François vient de nous rappeler que le temps, considéré dans son fondement même, n’est qu’un mouvement, le mouvement du premier mobile. Le jour que nous vivons n’est qu’une certaine révolution du premier mobile ; dans la venir, cette révolution pourra être reproduite, numériquement identique à elle-même ; un jour pourra donc revenir qui sera, identiquement, le jour que nous vivons, qui, avec le jour que nous vivons, ne fera qu’un seul et même jour.

François, qui soutient cette thèse, se heurte à cette objection : N’est-il pas absurde d’admettre que le présent puisse être, numériquement et identiquement, la même chose que le passé ?

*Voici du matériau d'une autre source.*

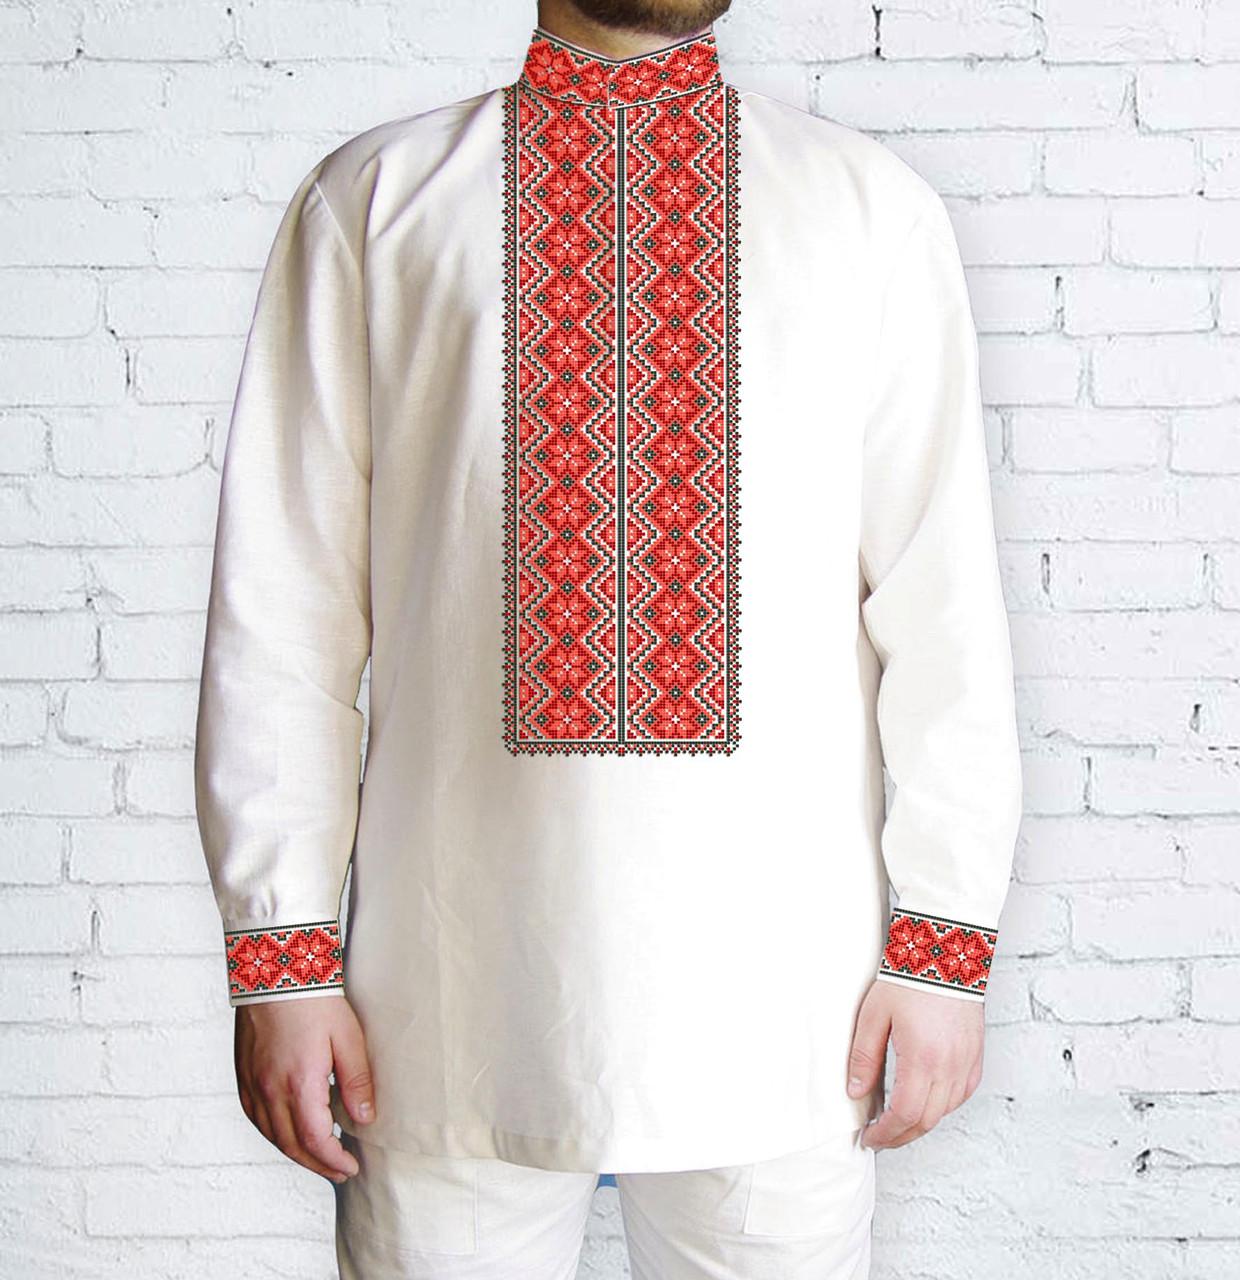 Заготовка чоловічої сорочки та вишиванки для вишивки чи вишивання бісером Бисерок «Ромби червоні 510 Ч» (Ч-510 Ч )

À cette objection, notre auteur répond comme Guillaume d’Ockam et comme Nicolas Bonet ; et peut-être, en clartés, sa réponse surpasse-t-elle celle de son maître et celle de son émule.

« Ces termes : temps présent, temps passé, expriment, à la fois, deux choses[1]. Temps présent, cela exprime, d’abord, ce temps que voici ; cela exprime, en outre, l’ordre que ce temps présente à l’égard d’un autre temps auquel il ne coexiste pas. De même, temps passé, cela exprime, d’abord, tel être, tel temps ; cela exprime, en outre, l’ordre de ce temps à l’égard d’un autre temps, à l’égard du présent ; cela dit, en effet, que ce temps a été avant le temps présent.

» Je dis alors que si l’on voyait revenir un temps qui a déjà été, la journée d’hier par exemple, tout le réel qui a existé [durant cette journée] reviendrait ; mais ce qui ne reviendrait pas, c’est ce rapport purement conçu (respectas rationis) qu’exprime le temps ; car l’expression : temps passé exprime » que cet être réel qui a existé, n’existe plus maintenant. « Si donc le temps passé revenait, en ce sens qu’on verrait revenir l’être total, l’être réel qui a déjà existé, cet être n’aurait pas le non-être, car il ne peut se trouver à la fois sous chacun des deux termes d’une contradiction : alors, par conséquent, n’existerait pas cet ordre, purement

  1. François de la Marche, loc. cit., fol. 165, col. d.